Sus ojos parpadearon abiertos y se desviaron hacia el lugar donde sintió a un intruso interrumpiendo su dulce sueño.

Instantáneamente, su mirada se posó en la mía, quitándome el aliento.

Tengo que envolver mis dedos temblorosos alrededor del pomo de la puerta para soportar mis rodillas que de repente se derritieron en Jell-O.

Por un momento helado, simplemente me quedé ahí, parpadeando encantada por sus atractivos ojos azules que parecían penetrar mi alma.

Se veía tan bien en la cama como si perteneciera allí.

La delgada tela de su camisa se adhería a los duros contornos de su pecho, dejando nada a la imaginación, su pelo revuelto y rico caía a sus ojos de forma tentadora como una suave miel fundida contra la luz de la pantalla de la lámpara a su derecha.

Llevaba pantalones cortos de carga ajustados, la prenda apretada se adhería a sus poderosos muslos y cuando mi mirada se movía más allá, se detenía pecaminosamente en su entrepierna —realmente estaba— bendito.

El calor inundó mis mejillas.

Afortunadamente, las sombras ocultaron el rubor.

Mis ojos se desviaron hasta su musculoso muslo.

Tenía las piernas más sexys que había visto —sexy de una manera masculina.

La vista de él en la cama casi me quitó toda la cordura, estuve a punto de correr a su lado y envolver mis brazos alrededor de sus hombros para experimentar la emoción de ser aplastada contra su cuerpo perfectamente cincelado.

Ojos azules como el océano miraban bajo pestañas extraordinarias, la mirada no significaba nada para él, y sin embargo, convirtió mi garganta en un desierto árido y quemó mi cuerpo con fiebre.

Solo una mirada suya y perdí todo el control.

Fue el primer hombre que tuvo un efecto tan profundo en mis sentidos.

Con poco o ningún esfuerzo, podía hacerme mareada como una niña recién salida del aula.

Tomé otra profunda inhalación de aire cuando él cuidadosamente soltó sus brazos de Faith Viene y se levantó de la cama dejando las sábanas arrugadas detrás de su peso.

La amplia habitación se contrajo mientras él lentamente se dirigía en mi dirección.

Su dulce y encantador aroma flotó hasta mi nariz.

Inhalé su dolorosamente familiar aroma mientras lo observaba parar cuando estaba a solo unas pulgadas de mí.

La mirada soñadora en sus ojos era seductoramente sexy, quiero tomar una cámara y capturar la estimulante expresión.

La pantalla de la lámpara cerca de la cama lanzaba sombras doradas en su perfil, era como una hermosa pintura emergiendo del lienzo de un artista.

—Ya era hora de que llegaras a casa, señora —dijo en un susurro sensual y ronco que envió mariposas pequeñas que arrastraban en mi estómago.”
“Mis labios se abrieron para replicar pero para mi sorpresa, no salieron palabras de mis labios, solo un sonido que sonaba como un pollo estrangulado —los suaves lamentos que venían de la cama me salvaron de la humillación.

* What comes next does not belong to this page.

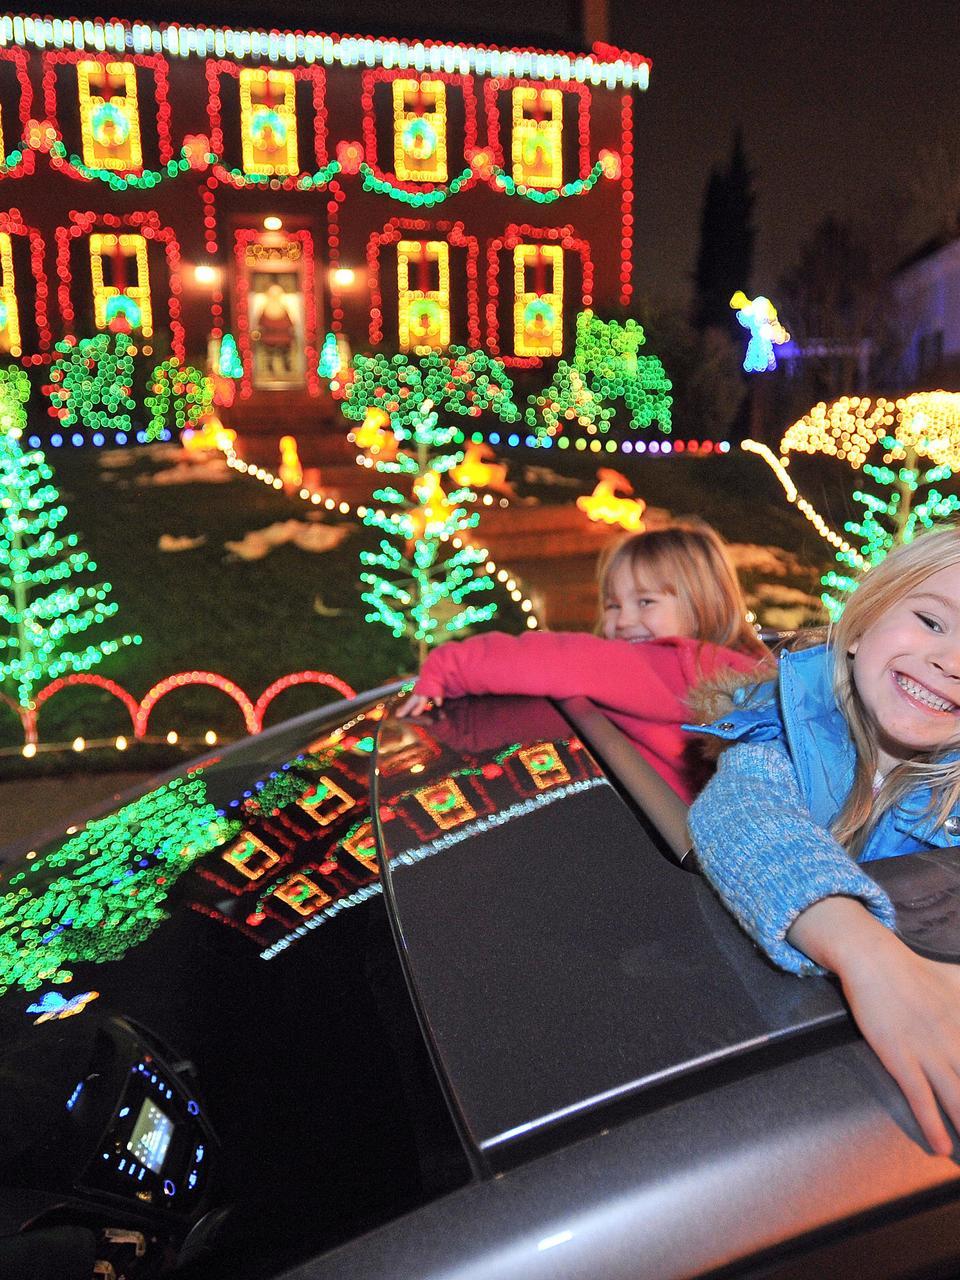 Holiday lights worth seeing | Mail Tribune

Corrí hacia la cama pero antes de poder tomar a Faith Vien en mis brazos, él ya hizo el trabajo.

Levantó cuidadosamente al pequeño ángel de la cama, en menos de un minuto, dejó de llorar mientras la mecía hábilmente en sus brazos.

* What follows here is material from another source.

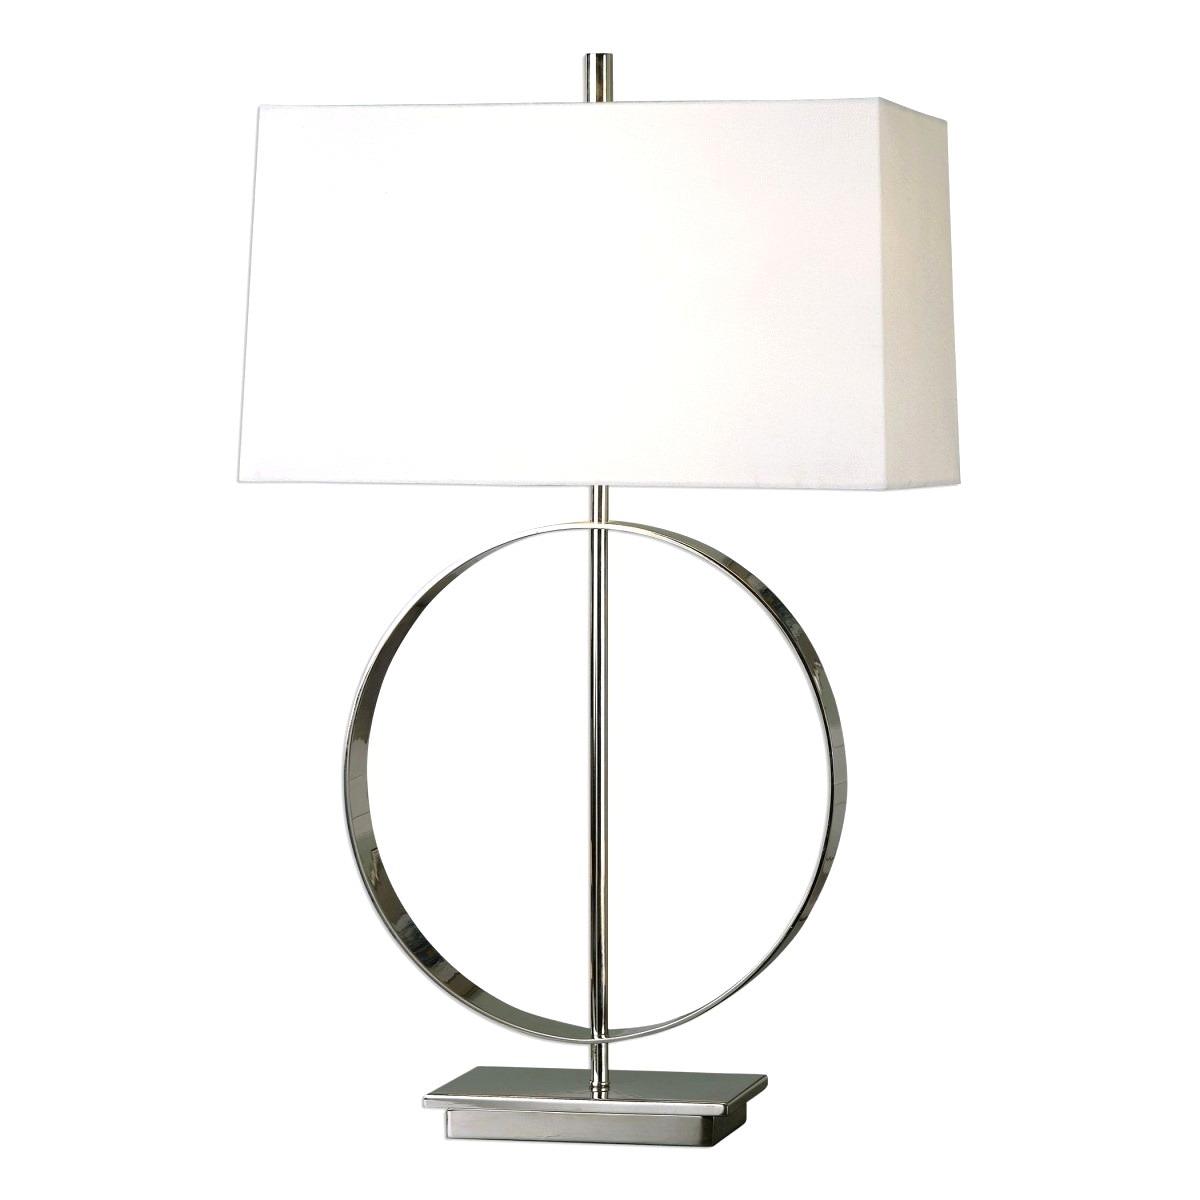 Floor Globe with Stand Cool Floor Standing Lamp Metalorgtfo Com Metalorgtfo Com

Me quedé allí, sin pestañear, aturdida con la escena.

Verlo sosteniendo a Faith Viene en sus brazos hizo que mi corazón doliera de ternura.

En ese momento deseé que él fuera el padre de Faith Viene.

Había algo en él que me atraía, de la misma manera que una polilla es atraída por el fuego.

El fuego está en llamas con peligro pues podría quemar las alas delicadas de una polilla y, sin embargo, la tentación que existía era imposible de resistir.

Preferiría quemarme que no sentir el calor en absoluto.

Mis pensamientos fueron interrumpidos por el suave crujido de sus zapatillas en el suelo de mármol.

Se estaba moviendo hacia la cama.

Observé con creciente fascinación mientras colocaba con delicadeza el pequeño cuerpo de Faith Viene en la cuna y la acercaba a la cama.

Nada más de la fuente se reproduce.